If you attended my presentation, thank you for your interest. If you have never attended a Winter SWL Fest and are interested in any aspect of radio reception, consider attending next year. All frequencies from DC to Daylight are fair game.
Note: This article was originally published in March 2017. I’ve revisited and updated it in preparation for a talk that I’ll be giving at the 2018 Winter SWL Fest. I’ve simplified the installation process. While doing so, I learned that Google now requires an API key for the application to have access to their maps. My github fork of the dump 1090 code has been updated to account for this development.
A key component of next generation air traffic control is Automatic Dependent Surveillance – Broadcast (ADS-B). The current FAA mandate is for all included aircraft to output ADB-B transmissions no later than January 1, 2020. But you don’t have to wait to receive and map ADS-B. There is a lot of air traffic to be seen.
dump1090 as viewed via a remote web browser.
Some folks are using complete downloadable images that are set up to feed flight tracking services such as FlightAware. If you’re interested in doing this, The SWLing Post featured an article that you’ll enjoy. I wanted to explore whether I could use some items already on hand to see a map of overhead aircraft on any computer on my home network.

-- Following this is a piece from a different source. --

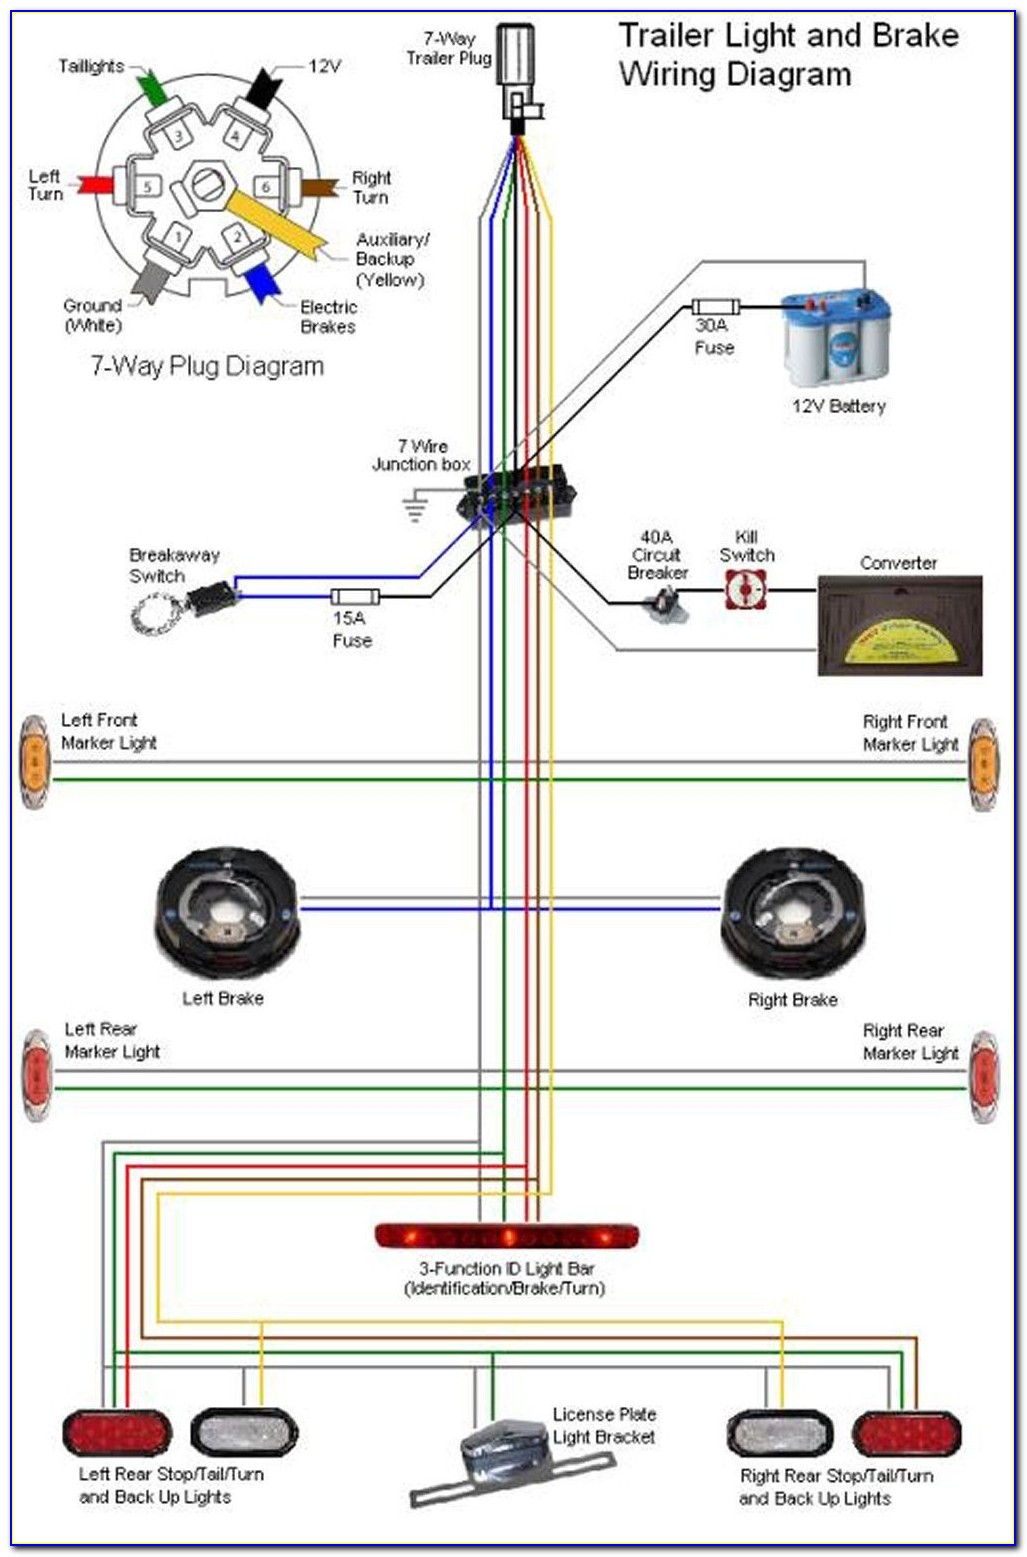 Trailer Electrical Connection Diagram

I pulled out an older Raspberry Pi Model B and a 4 GB SD-Card and installed a copy of Raspbian Stretch Lite. The Model B has been retroactively called a Raspberry Pi 1 Model B. It is equipped with 512 MB of RAM, two USB ports and a 100mb Ethernet port.
I decided to use a spare older RTL-SDR stick based on the RTL2832U and R820T chips. This USB device comes with a small antenna that I hoped would be good enough to get me started. It is not in any way optimized for the 1090 MHz signals that are used by ADS-B and is roughly 19 parts per million (ppm) off frequency. It cost a bit over $10 at a hamfest a couple of years ago. The designs have improved since the early models were offered. Newer models include a TCXO (thermally compensated crystal oscillator) for stability and accuracy.
I needed software to take signals from the RTL-SDR stick and plot them on a map. That software is “dump1090”, originally written by Salvatore Sanfilippo. I added an install stanza to the Makefile, along with a systemd service file, for a smooth system install. I also needed to install the RTL-SDR USB drivers. The complete installation runs “headless”, meaning no monitor, keyboard or mouse need be connected. Remote management can be done via ssh.
There is a security change that comes along with Stretch. ssh is now disabled by default. After copying the initial Stretch image to the SD card and BEFORE removing it to place the Raspberry Pi, mount the boot partition and create an empty file named “ssh”. If you are not using ethernet, you could also pre-configure wifi settings.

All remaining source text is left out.